Pro-Life is practical
Letter to the Editor | Tuesday, January 20, 2015
Billy McMahon’s Jan. 14 viewpoint “Practically pro-life” raises several concerns regarding the image of the pro-life movement in American society today. At first glance, being “pro-life” is rigidly synonymous with being against abortion; the word “pro-life” evokes images of fetuses rather than those of pregnant mothers, the hungry and the dispossessed. Although I agree with Mr. McMahon that we ought to put the marginalized first as Jesus did, I think he may be surprised to find that pro-life people can — and, I believe, must — oppose abortion if they believe in the Christian preferential option for the poor.
The preferential option for the poor is the principle that loving God and neighbor entails making the well-being of those deemed insignificant by the world our top priority. Though the phrase “preferential option for the poor” has been in use for less than a century, the underlying idea has been present in the Judeo-Christian tradition from as far back as we can historically trace. Since Mr. McMahon implies the teachings of Jesus of Nazareth support his position, I think it is appropriate to look at the immediate Jewish basis for those teachings: the commandment to give alms.
For first-century Jews, giving alms was tantamount to fulfilling every God-given directive. Notre Dame professor Gary Anderson provides a digestible overview of this idea in his book “Charity.” Anderson argues that for Jews of the Second Temple Period (which includes the life of Jesus), almsgiving was conceived of as a loan to God through the poor — a loan that God promised to repay with blessings and deliverance from future troubles. The idea that one would receive any sort of repayment for such a loan seemed just as absurd then as it does today. It’s unreasonable enough to expect a beggar to settle a debt of spare change or several dollars, and someone who gives alms with the expectation of repayment is clearly committing an act of faith. However, the idea seems even more radical when we consider the implications of the loan metaphor for almsgiving. When we start viewing this act of charity as a financial transaction, we begin to see the poor as actual people rather than worn-out statues holding coffee cups you toss coins into.

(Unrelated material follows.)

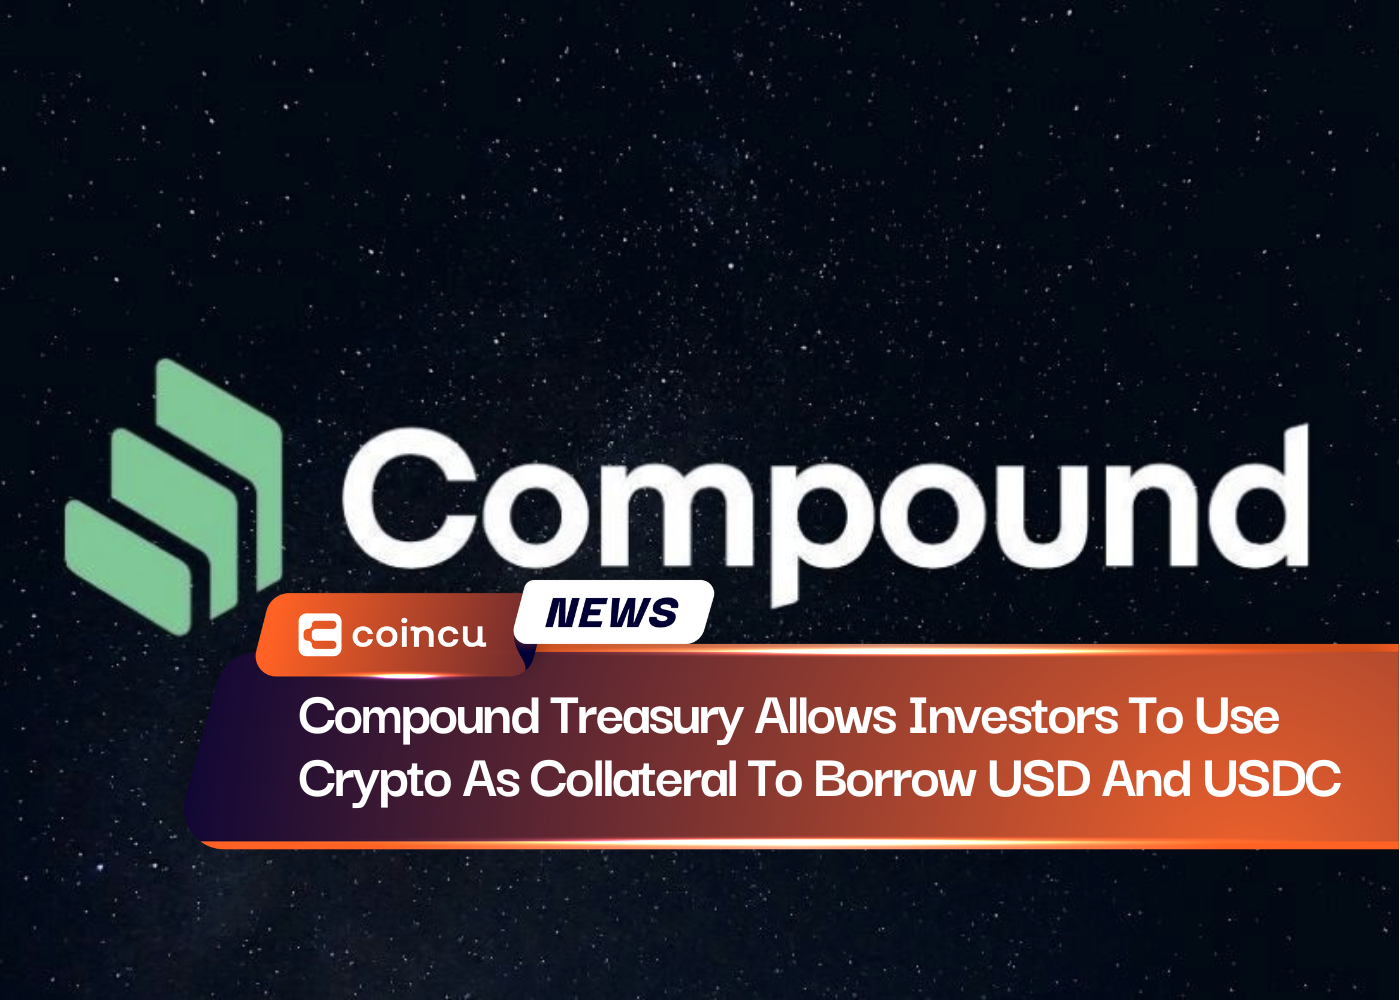 Compound Treasury Allows Investors To Use Crypto As Collateral To Borrow USD And USDC

My belief that almsgiving is a loan to God has been reinforced by my experiences with beggars while I was working in Dublin, Ireland, this past summer. Inspired by an Irish priest’s homily on homelessness in the city, I decided to put the ideas laid out in “Charity” into practice. Whenever I came across a beggar, I would walk over to them, give them a warm greeting, give them spare change that I would have ready in my hand and then wish them well. In having the change in my hand, I was prepared to give without hesitation, but I also managed to thwart one man’s attempt to mug me at a bus stop. Poised to take my wallet if I pulled it out, the man was dumbfounded when I opened my palm to reveal the gift I had ready for him. Up until that point, I was very afraid of this apparently ill-willed man — it was thanks to my faith that I could see him as a good man despite all evidence to the contrary.
As the summer progressed, my encounters with beggars proved to be more fruitful than I could have ever imagined. After buying a meal for one homeless woman during my lunch break, I had a great conversation with her about our favorite foods. Several others thanked me and God for the money I gave them, and I was amazed at how some of the people I met conveyed a sense of faith and meaning in life that was more profound yet simpler in tone than what you might hear in a sermon or theology lecture. In the beginning, I would always close a conversation with those I gave to by saying, “Have a good day,” like I would to any friend. By the end of the summer, I learned a more meaningful farewell from the people I met on street: “God bless you.”
The loans I made to my needy brothers and sisters in Dublin have been repaid beyond the face value of the coins I placed in their hands. At the same time, I am saddened by the fact that these loans are far less than what my brothers and sisters need. One man who regularly begged outside the church I attended would always request a large sum of money in order to stay at a hostel. Simply granting his request would not have been sufficed to ensure his well being; I felt in my conscience that I would have to go out of my way to be present at the hostel and pay in person in order to see to it that he was safe. In other words, this man above all needed people to care for him, to look after him — this man, our brother, needed a loving and supportive family.
From reason, we know that our brother at one point had family members in the descriptive, biological sense — there was a man and a woman who made his existence possible. Somewhere down the line, our brother fell into poverty, and it wouldn’t surprise us if he inherited this situation from his mother or father. It is for this reason that sexual ethics enter the picture: If we truly want to reduce poverty, then we must love responsibly.
For Christians, responsible love is not simply sexual innuendo; it is a way of life, inside and outside the walls of our churches and bedrooms. Jesus taught us to “love one another as [He] has loved us.” Following Jesus, we ought to love each other as brother and sister — we ought to treat all human beings as actual people rather than insignificant objects. In carrying out this challenging call to love, we must care for all who are deemed insignificant, especially the poor and the unborn.